Abdul | May 14, 2007, 11:11am | #

All Right Thinking people are probably supposed to laugh at or be repulsed by Lombroso's ideas, but he was merely ahead of his time - and ahead of most people of our time

Burns: She has the sloping brow and cranial bumpage of the career criminal.
Smithers: Uh, Sir? Phrenology was dismissed as quackery 160 years ago.
Burns: Of course you'd say that...you have the brainpan of a stagecoach tilter!

Grotius | May 14, 2007, 11:42am | #

Abdul,

Didn't he also make a claim about big lips being a sign of criminality?

Abdul | May 14, 2007, 11:53am | #

Grotius,

I think you're confusing Mr. Burns with Don Imus.

Syd | May 14, 2007, 1:14pm | #

If this is what they did to an unsuccessful assassin, what did they do to the successful one?

Aside: Why does the article refer to him as "King of Savoy"? Shouldn't he be called "King of Italy."
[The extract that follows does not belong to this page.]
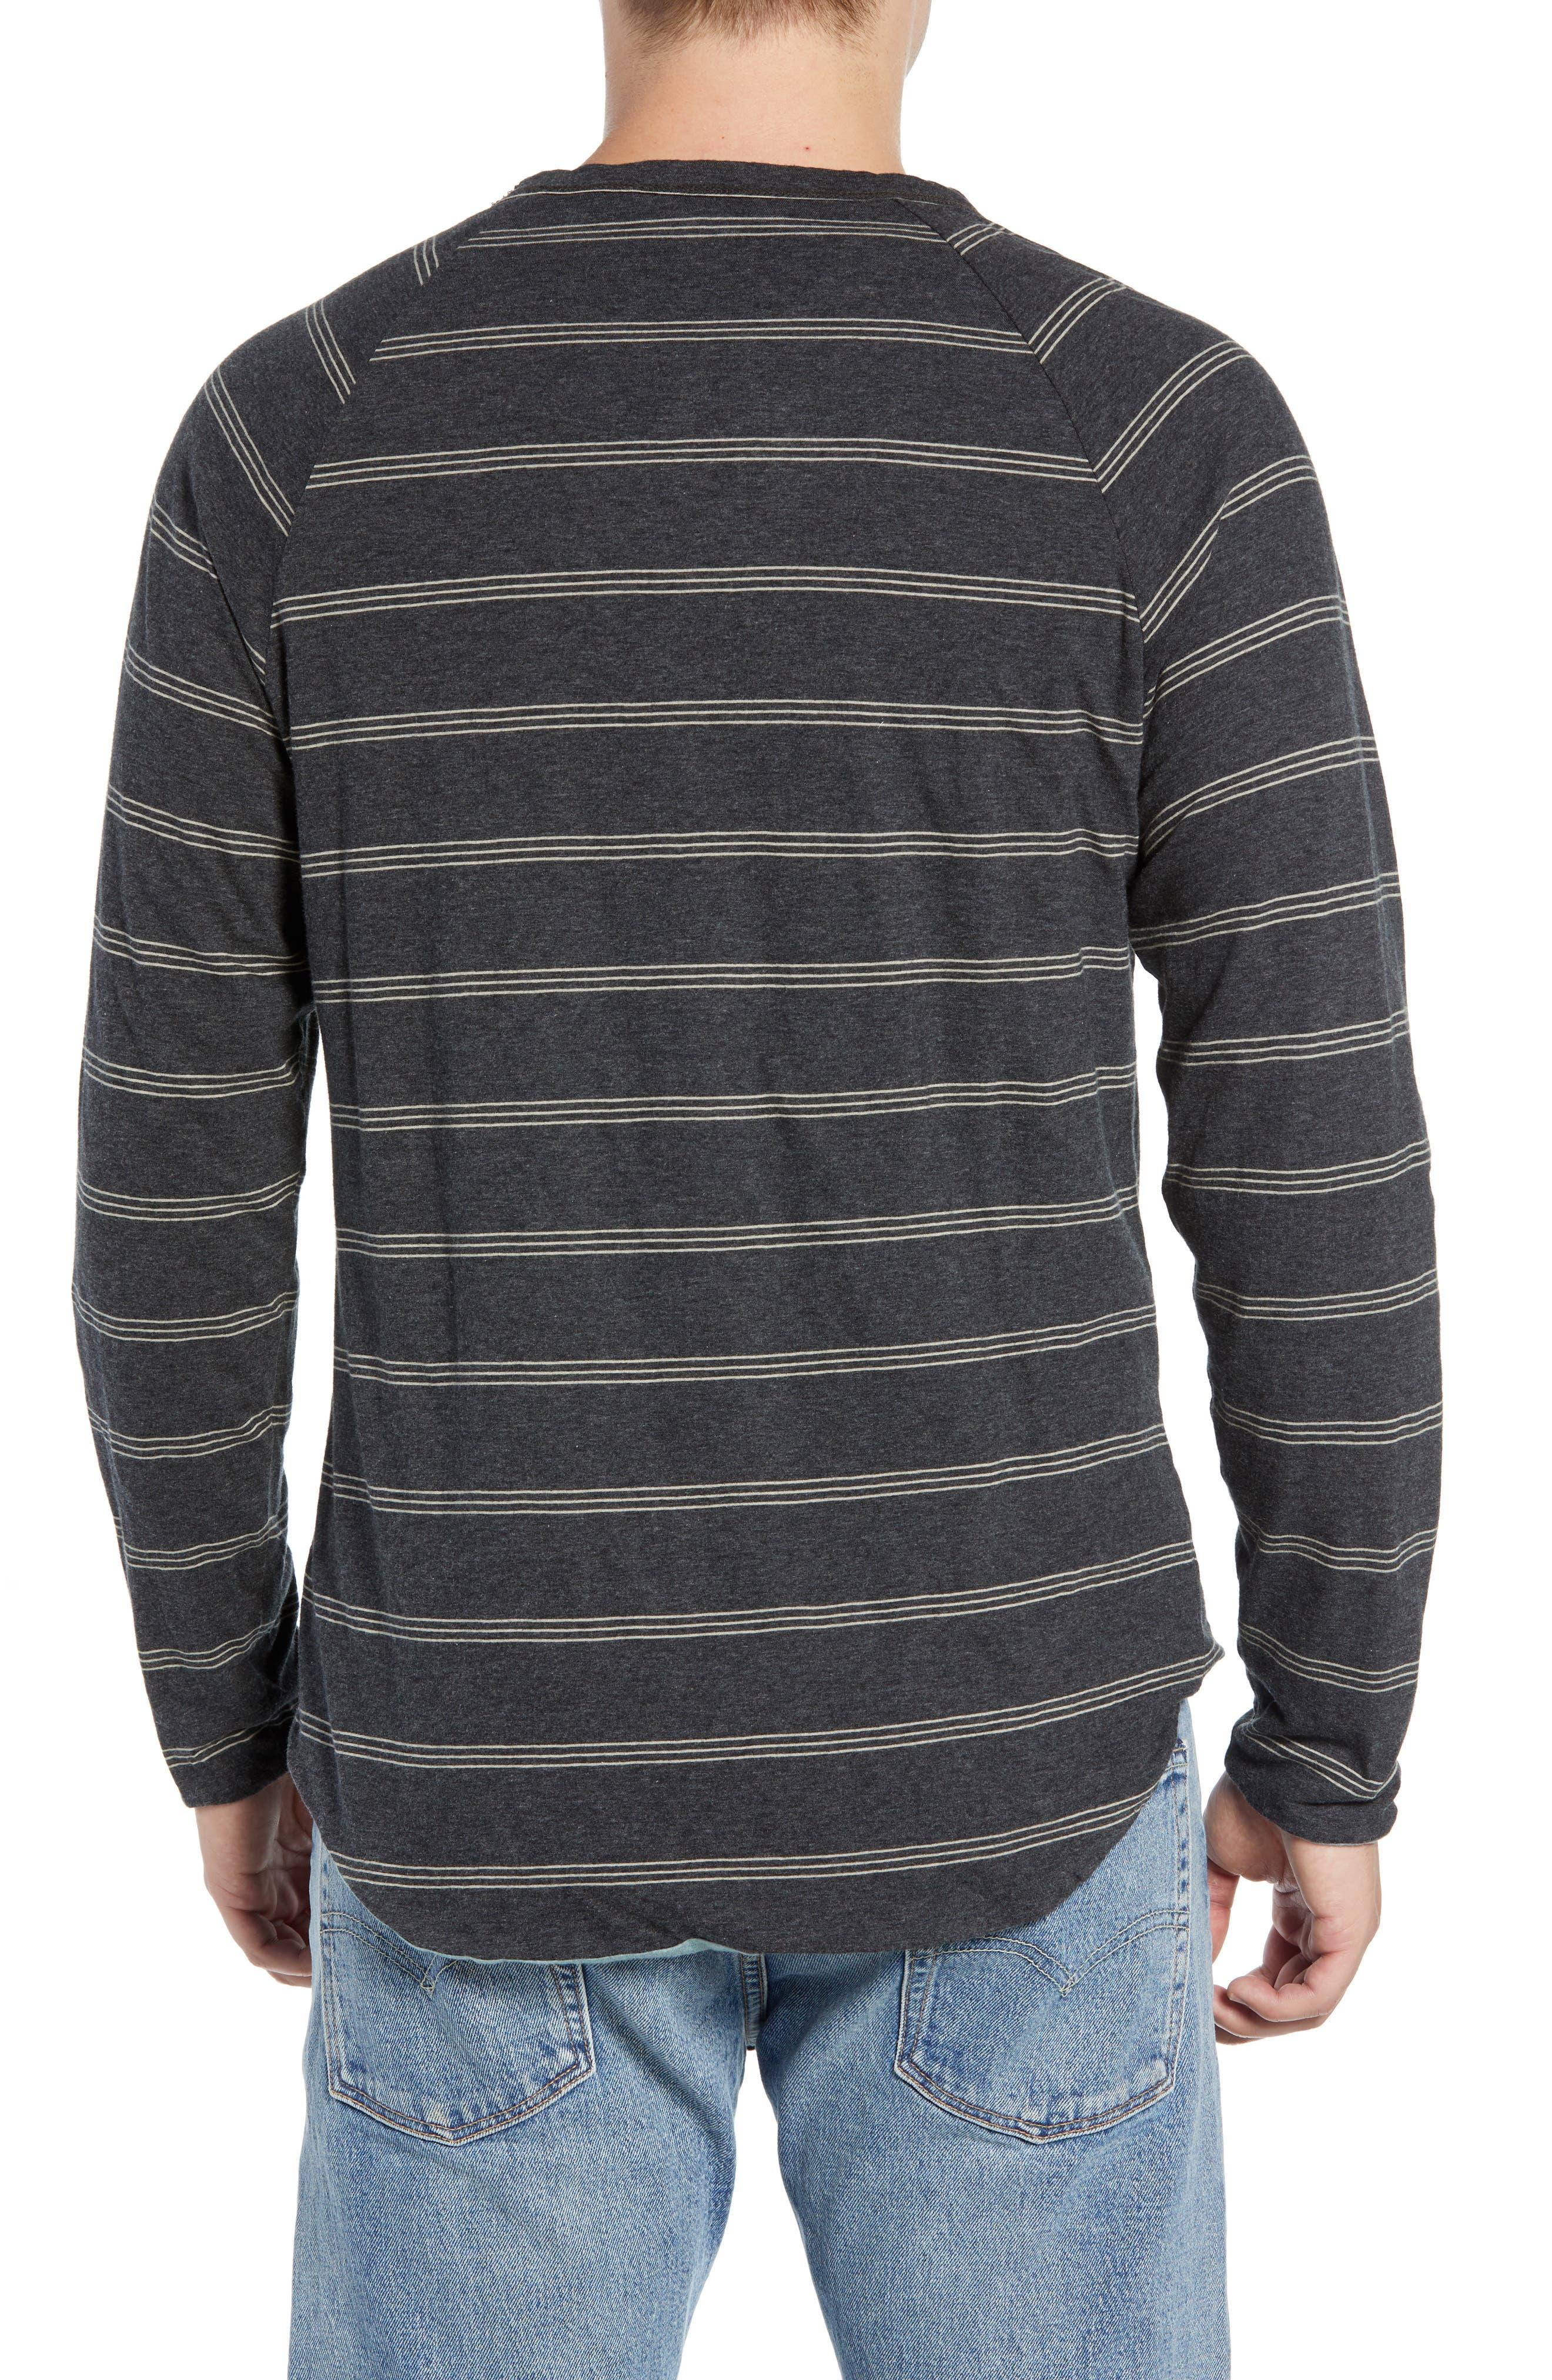 Gunnison Reversible Raglan Sleeve T-Shirt,                             Alternate thumbnail 3, color,                             PHANTOM HEATHER
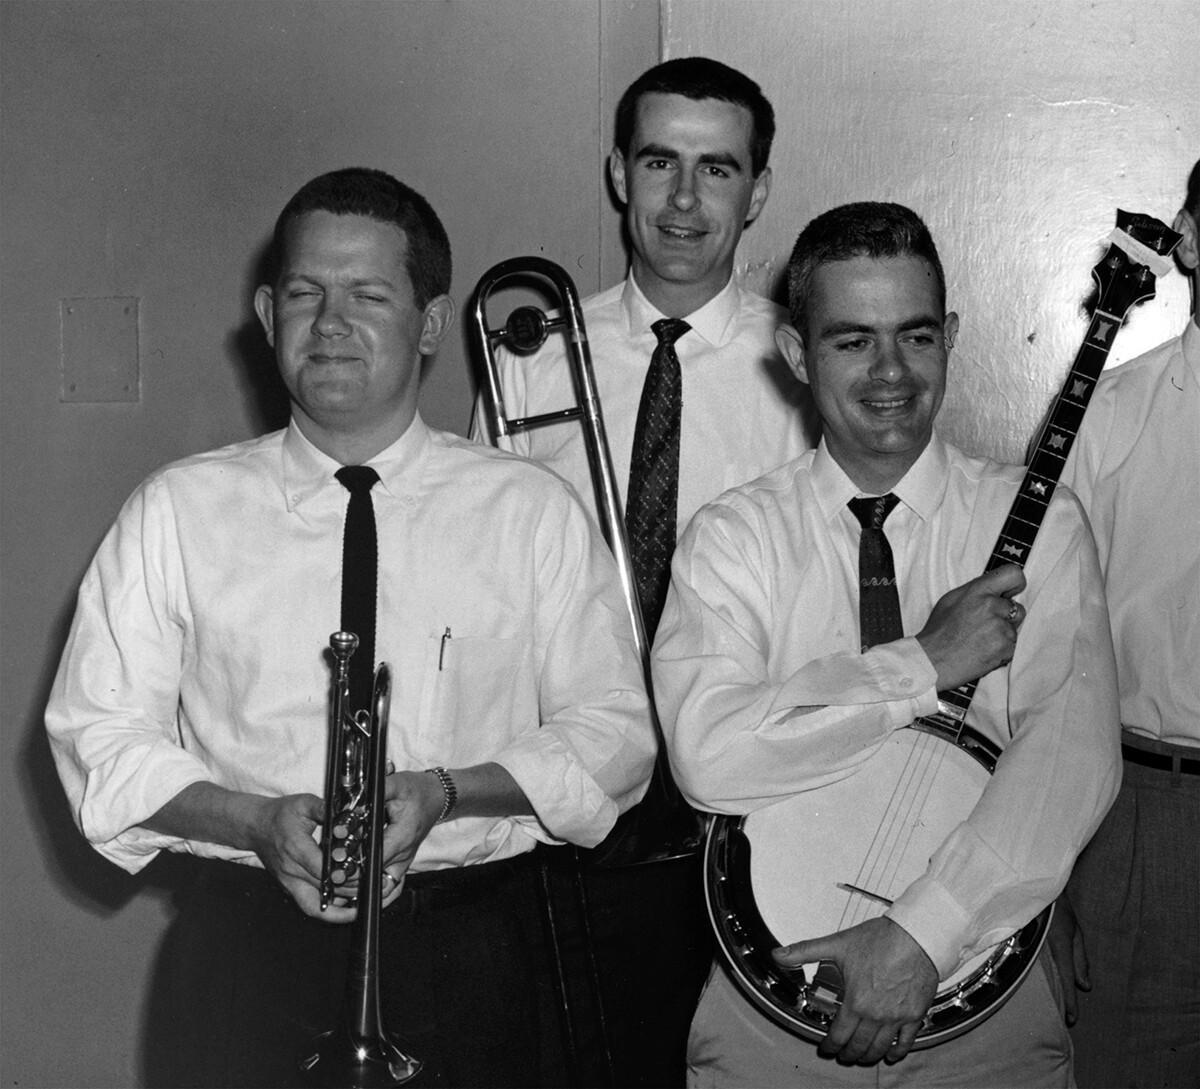 Jim Leigh (center) with Ev Farey (L) and Lee Valencia (R)

Syd | May 14, 2007, 1:17pm | #

Looking again, they say "Umberto I of Savoy," which I suppose he technically was, but it's like calling Louis XIV "Louis XIV of Bourbon." (They do say Umberto was king of Italy elsewhere.

Rupert | May 14, 2007, 1:45pm | #

"I stole the International Herald Tribune's headline because I doubt I could improve on it. The article is about Giovanni Passannante, who tried to kill King Umberto I in 1878."

1878? Must have gotten hung up in the editing process...

joshua corning | May 14, 2007, 3:56pm | #

I wonder if future libertarians will hail Timothy McVeigh as a folk lore hero.

carlos | May 14, 2007, 7:04pm | #

hmm... i guess they really taught that anarchist that government is a wonderful idea. when will people see that government is pure evil.

SIV | May 14, 2007, 10:00pm | #

"was later assassinated by another anarchist."

Well at least some good came out of it.